In July, Kelly was indicted by a federal grand jury in Chicago on charges including child pornography, enticement of a minor and obstruction of justice.

A separate indictment filed in the Eastern District of New York included charges of racketeering, kidnapping, forced labor and the sexual exploitation of a child.

He was again arrested in Chicago, before a federal judge ordered he held without bond after a prosecutor warned he poses an extreme danger to young girls.

In August, Kelly was charged in Minnesota with prostitution and solicitation related to an allegation that he invited a 17-year-old girl to his hotel room in 2001 and paid her $200 to dance naked with him.

2020 - Kelly pleads not guilty to updated federal indictment in Chicago

In March 2020, Kelly pleaded not guilty in Chicago to an updated federal indictment that included child pornography charges and allegations involving a new accuser.

Five months later, federal prosecutors announced charges against three men accused of threatening and intimidating women who have accused Kelly of abuse, including one man suspected of setting fire to a vehicle in Florida.

2021 - Kelly faces federal trial in New York

Kelly’s federal trial in New York began on 18 August 2021.
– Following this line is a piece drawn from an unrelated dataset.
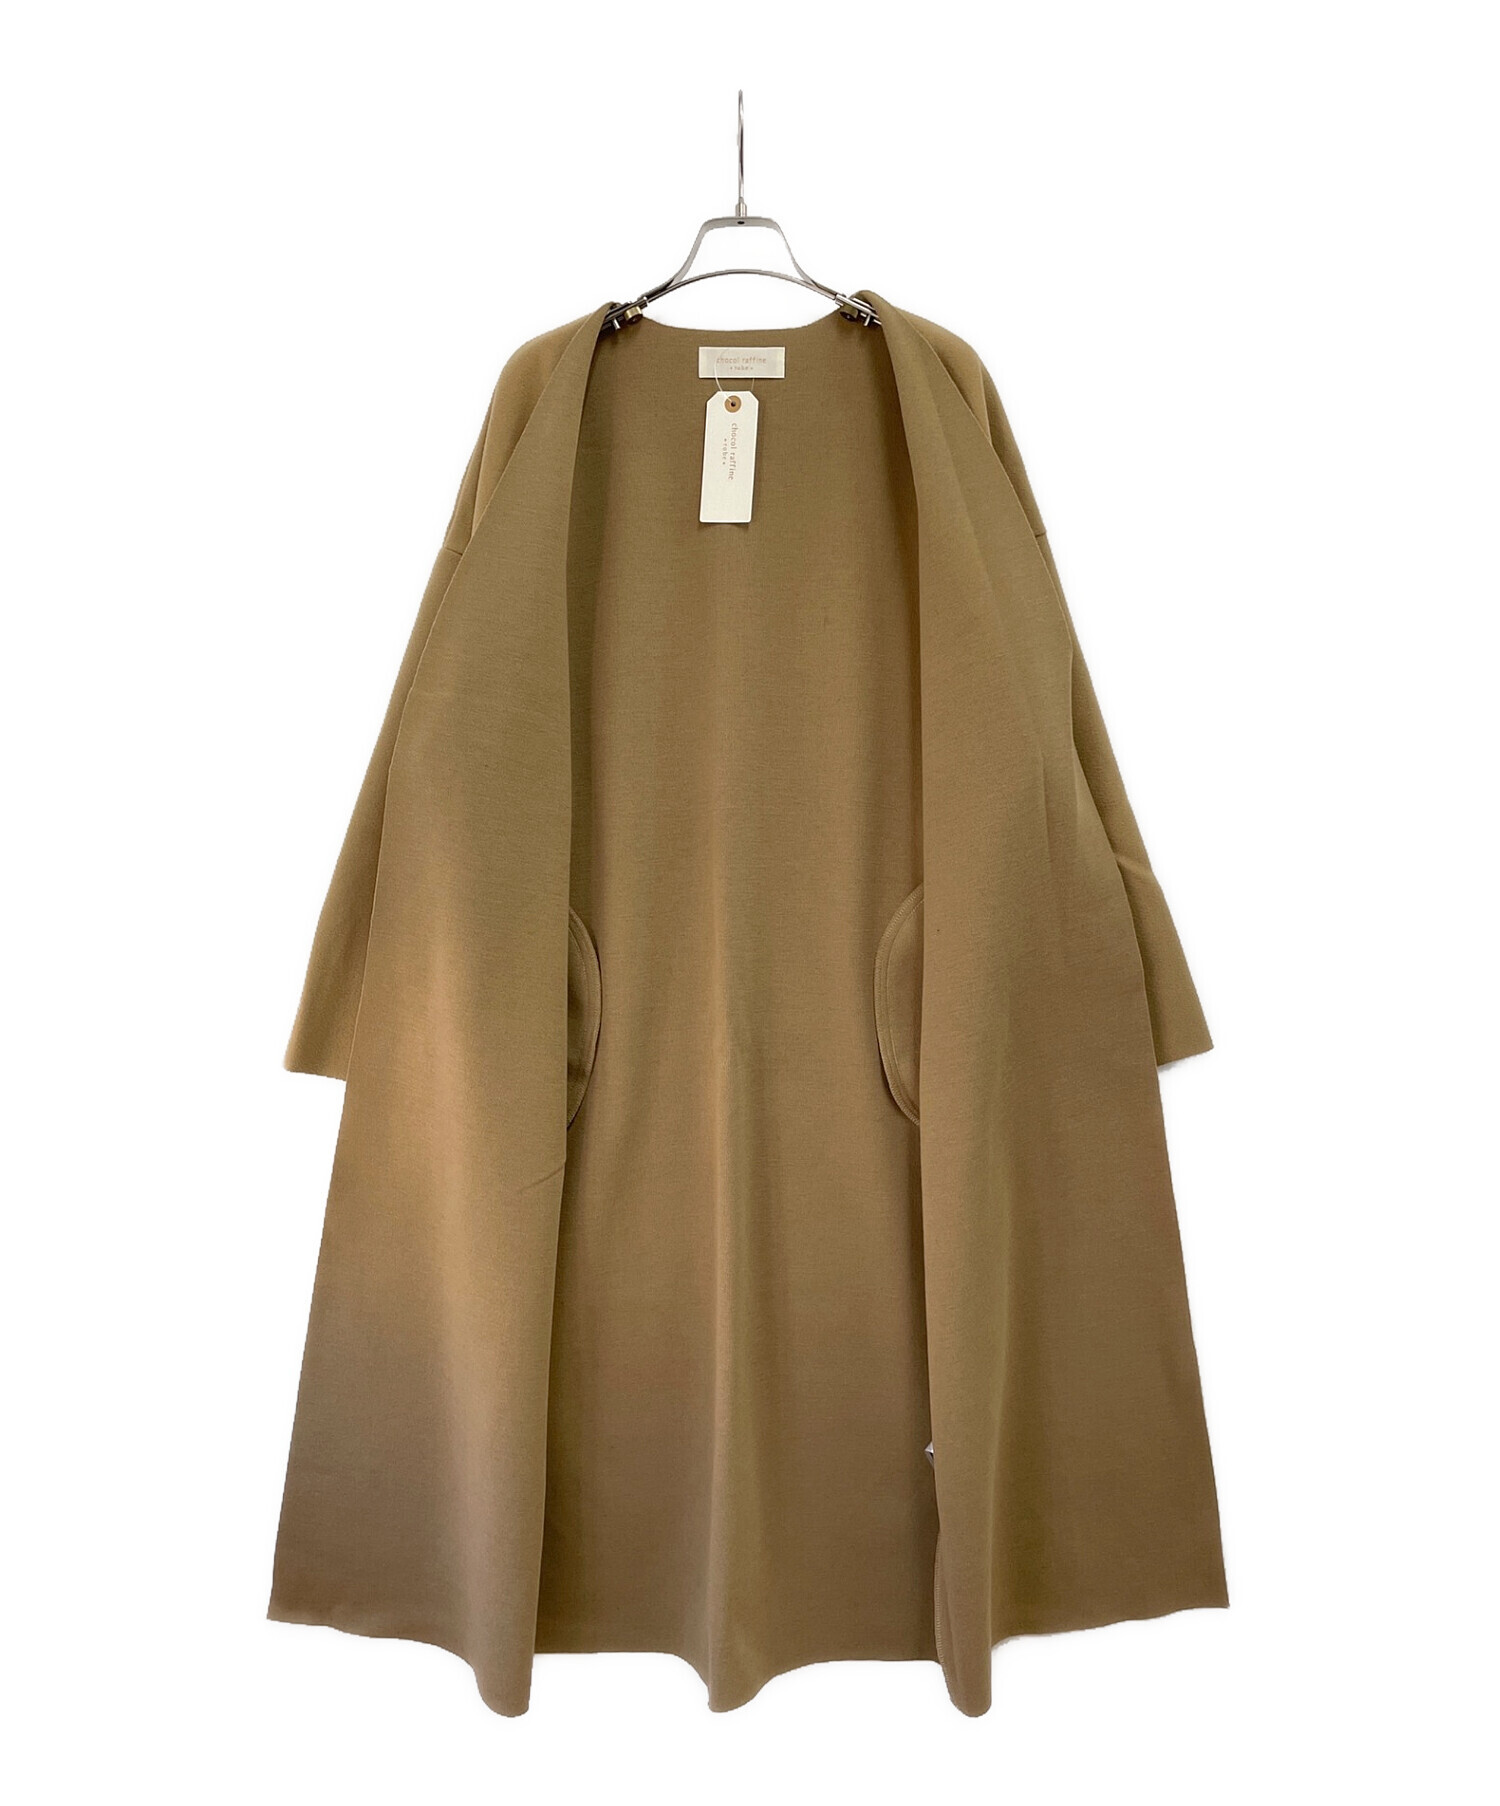 chocol raffine robe (ショコラフィネローブ) 着流しノーカラーリングコート ベージュ サイズ:SIZE FREE 未使用品

Just over a month later, he was found guilty of one count of racketeering, with 14 underlying acts that included sexual exploitation of a child, kidnapping, bribery, and sex trafficking charges. He was also convicted on eight additional counts of violations of the Mann Act, which makes it illegal to take anyone across state lines “for any immoral purpose”.

Kelly was sentenced to 30 years in prison in the New York case in June 2022.

The punishment exceeded both the “excess of 25 years” recommended by federal prosecutors and the 10 years requested by the defence, which argued that any longer would be “tantamount to a death sentence”.

US District Judge Ann Donnelly also slapped Kelly with a $100,000 fine, after prosecutors asked for $50,000 to $250,000.

The judge said she would’ve handed down the prison term regardless of sentencing guidelines, adding that: “The public has to be protected from behaviors like this.”

2022 - Chicago trial begins

Kelly’s trial in federal court in Chicago on charges of child pornography and obstruction of justice began on 15 August with jury selection.

He stands accused of enticing minors for sex, of producing child pornography and of fixing his 2008 state child pornography trial at which he was acquitted.

One central focus of the trial will be on whether Kelly threatened and paid off a girl with whom he allegedly videotaped himself having sex when he was about 30 and she was no older than 14. That’s the allegation underpinning another of the charges against Kelly, conspiracy to obstruct justice.

Some jurors in the 2008 child pornography trial who acquitted Kelly later explained that they felt they had no choice because the girl did not testify. The woman, now in her 30s and referred to in court filings only as “Minor 1,” will be the government’s star witness in the federal trial that’s expected to last four weeks.

Days before the trial began, Kelly’s fiancée Joycelyn Savage - one of his alleged victims - announced she is pregnant with his child. His legal team denied the claim.